# Sleeve hitch



## MissouriBound (Apr 1, 2008)

Hey y'all.
I've got a Cub Cadet LT1050 tractor which is about 8 years old. Still runs great but of course it has to be maintained. A month or so ago my driveway washed out after a huge rain and I had some large ruts to repair. I had an old frame from a garden cart which I would up dragging behind the tractor to move gravel around. After an hour os so the ruts were filled and that part of the driveway was usable again. .......Now for my question. It is evident to me that a box blade or scraper would be valuable to me, even with this small tractor. The attachments I have been looking at require a sleeve hitch. I have had no success in finding one for this model but I have researched the Craftsman units and they would appear to be very close to what I need....however nobody has one in stock and I really do not want to take that chance. Does anyone know if Cub makes one or there is one available aftermarket from other supplier? I have seen the "Johnny" ones which are around $600 delivered and noticed how they mount. For my limited use I do not need one with a powered lift. Any advice, any help would be greatly apprecieated.


----------



## Argee (Sep 17, 2003)

The Cub Cadet LGT1050 is a lawn tractor and is not designed for ground engaging attachments.

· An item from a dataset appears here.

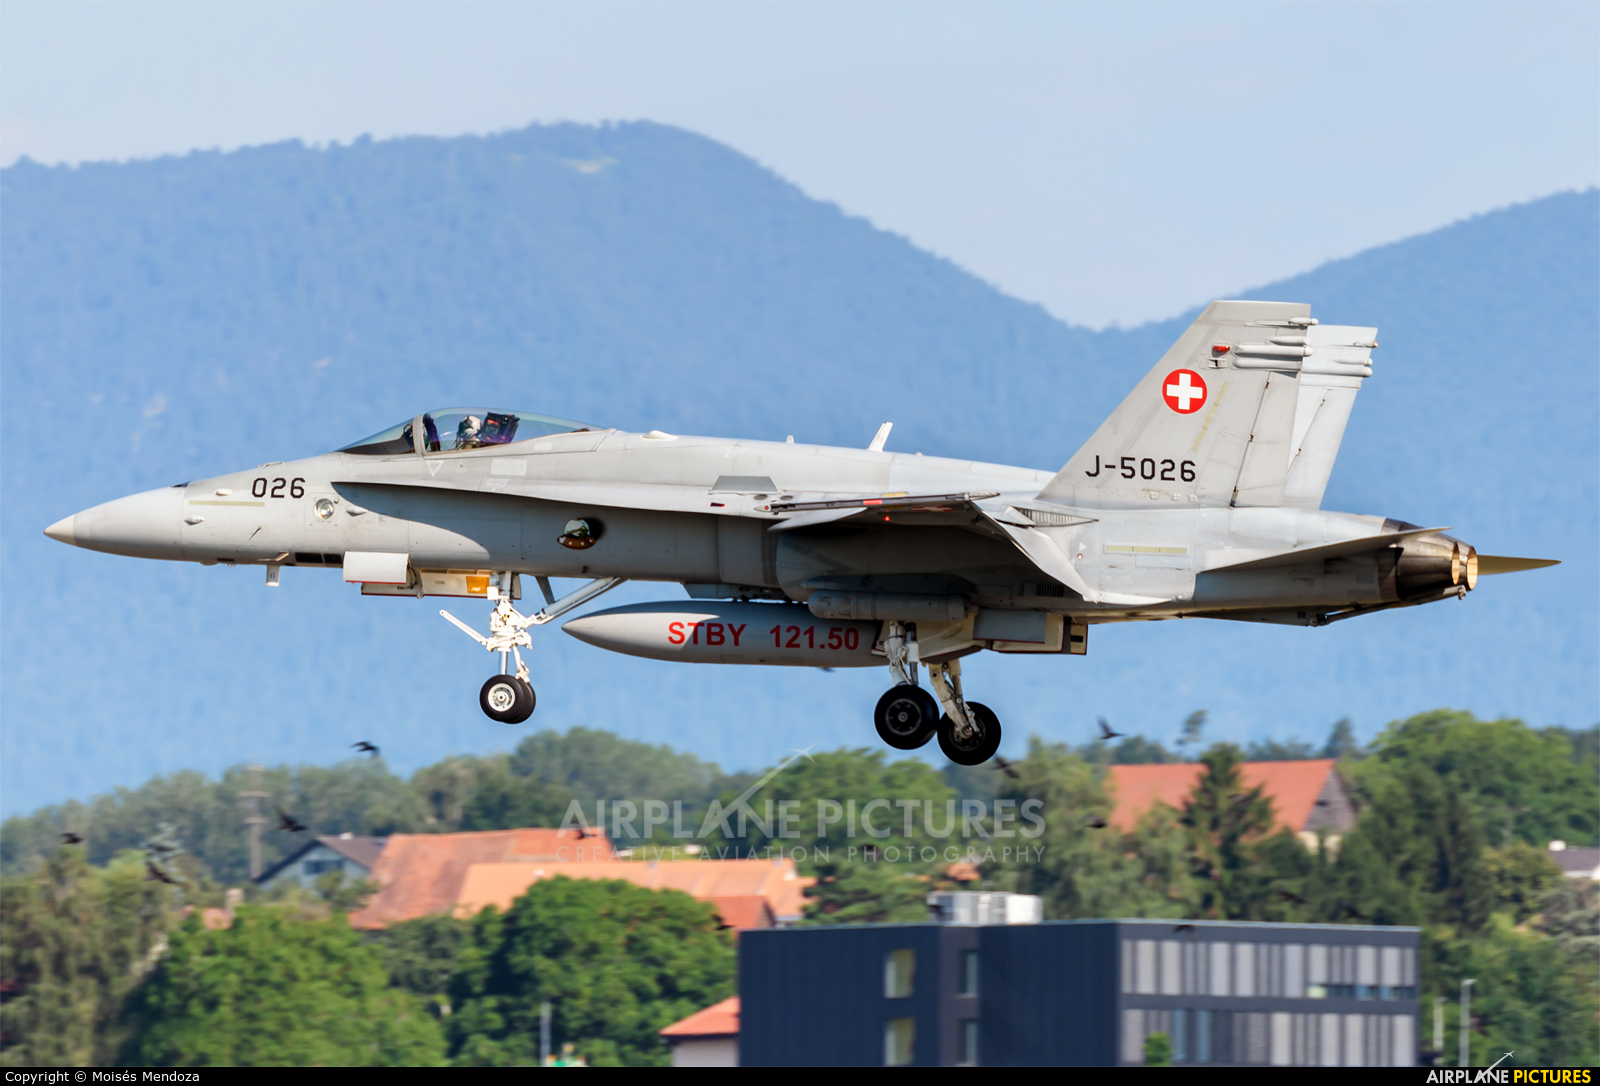 Switzerland - Air Force J-5026 aircraft at Payerne

The transaxle is capable of pulling a trailer, lawn roller, etc. but is not designed for anything as demanding as a box blade or scraper. Hence....the reason you haven't found one is because your draw bar is not designed to accept one.


----------



## MissouriBound (Apr 1, 2008)

I tend to agree with that, but there is a "dozer" blade attachment available for the 1000 series. They indicate that they are for plowing snow and moving gravel. I'm not seeing any difference between a blade pusing gravel or a scraper moving gravel. In fact I would think that the back blade would be less of an issue for the tractor than a dozer blade. Just my opinion.


----------



## Greatsnowy (Jul 27, 2013)

Sears still has theirs for about $139 , pretty much a universal fit . I used one for about 7 years and then modified it to another tractor for another 2 . Just put "sleeve hitch" in their search box and have a looksee.


----------



## ptreaster (Apr 14, 2014)

Johnny Products also makes an electric one "universal" fit sleeve hitch, looks very heavy duty, but a little pricy compared to the sears one, even if you add the electric lift option to the sears one.


----------



## VaGent (Mar 19, 2014)

It isn't going to push the tractor any harder than you allow. I installed one on my SLT1550 and it works well. The Sears version will install directly onto the Cub as long as you have mounting lugs on the side of the guarding around the rear fuel tank. The kit does come with bolts if you want to modify the tractor to accept the sleeve hitch.


Sent from my iPad using Tractor Forum


----------



## skunkhome (Nov 30, 2008)

From what I've seen the dozer blade is a spring loaded blade with a relatively light spring designed to break away before your transmission.


----------